*Work order*:
Down to the final line, write out the material beneath exactly, without pictures.

*Data extract*:
══════

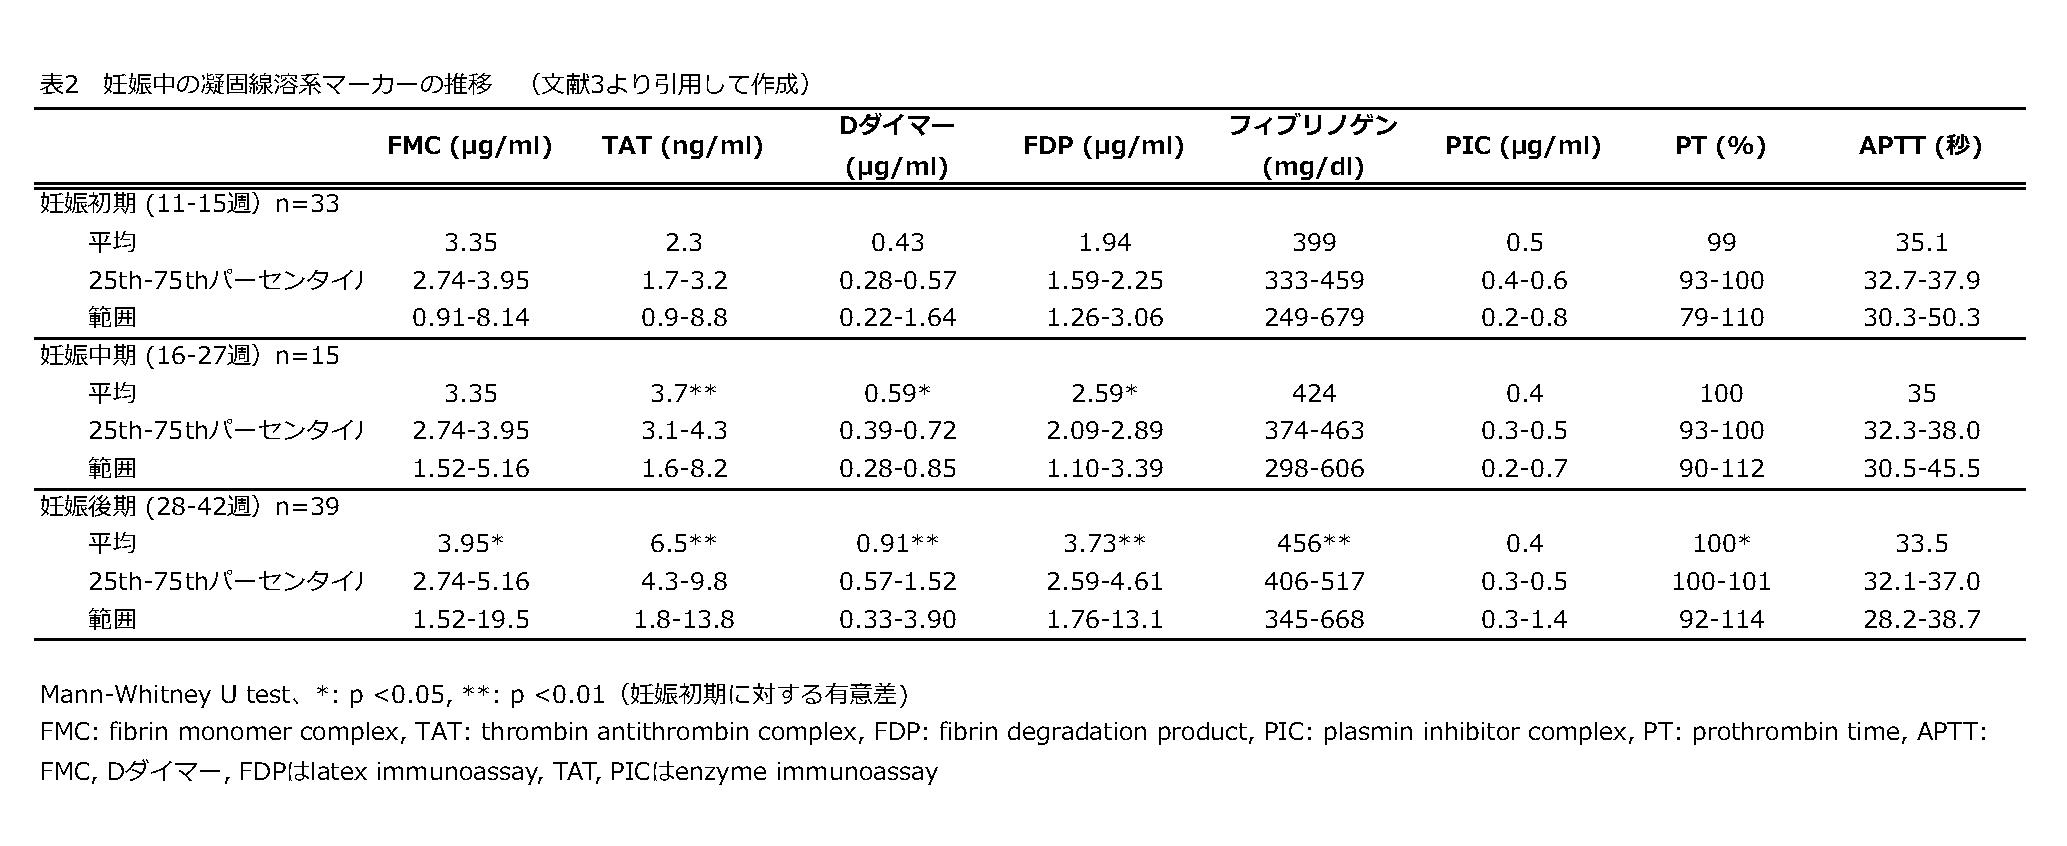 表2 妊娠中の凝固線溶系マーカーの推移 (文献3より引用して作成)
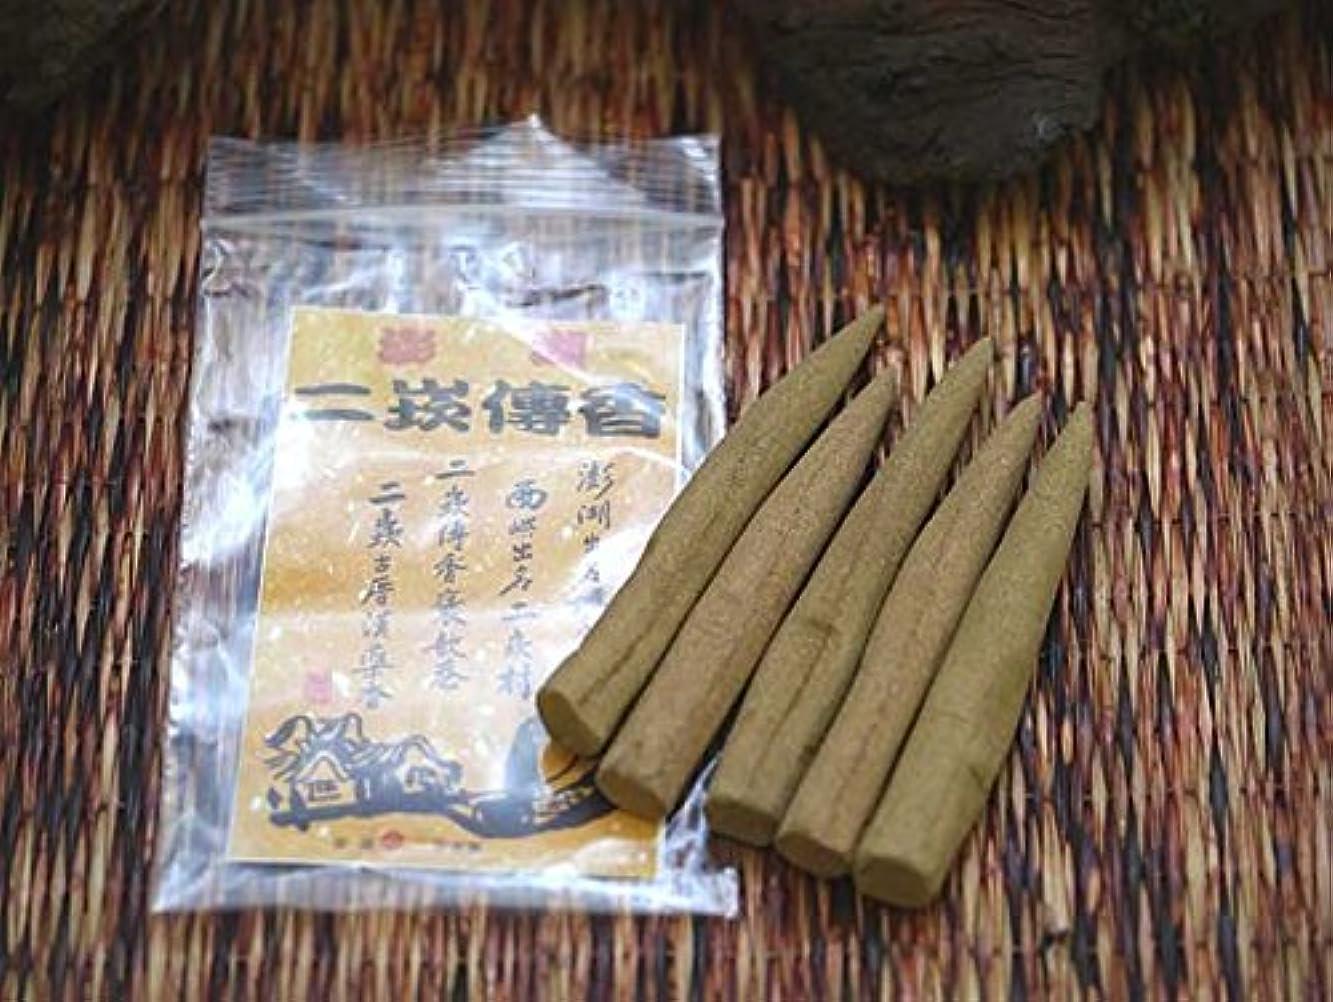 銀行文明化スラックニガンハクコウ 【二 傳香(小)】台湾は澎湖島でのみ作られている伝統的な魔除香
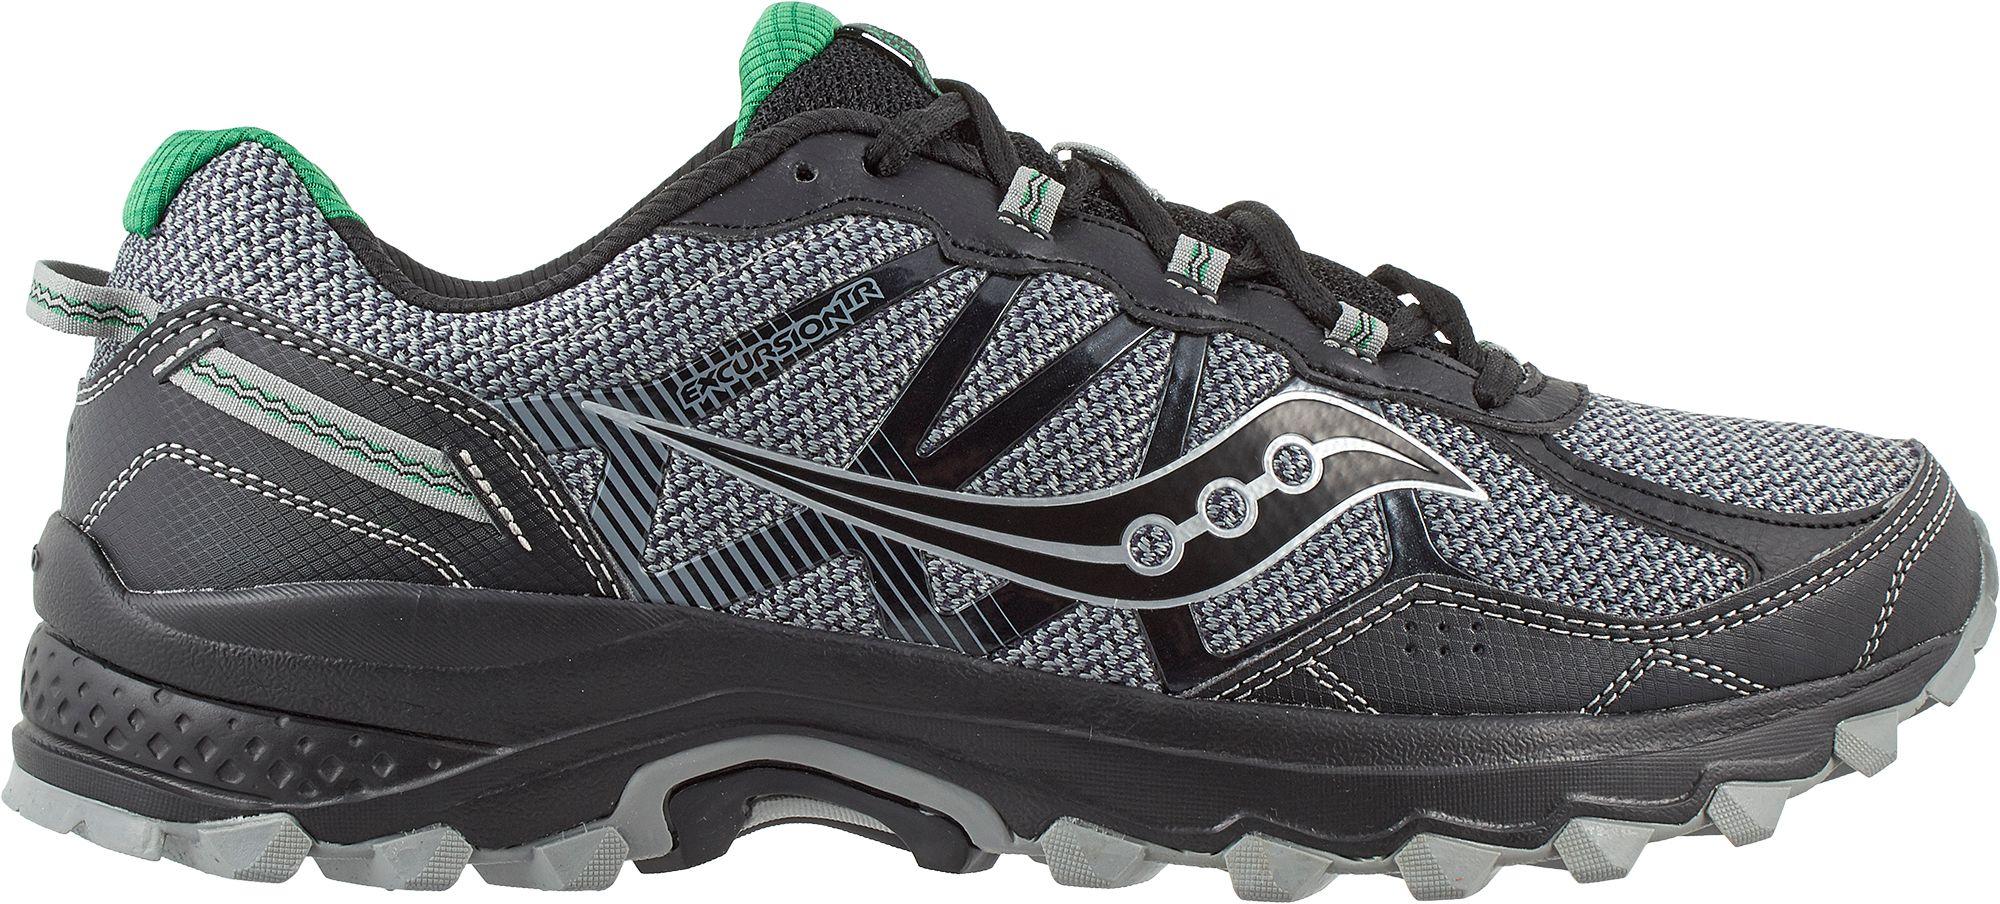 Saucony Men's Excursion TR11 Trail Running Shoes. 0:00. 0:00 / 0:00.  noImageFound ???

══════

*Exercise solution*:
 表2 妊娠中の凝固線溶系マーカーの推移 (文献3より引用して作成)
 銀行文明化スラックニガンハクコウ 【二 傳香(小)】台湾は澎湖島でのみ作られている伝統的な魔除香
 Saucony Men's Excursion TR11 Trail Running Shoes. 0:00. 0:00 / 0:00.  noImageFound ???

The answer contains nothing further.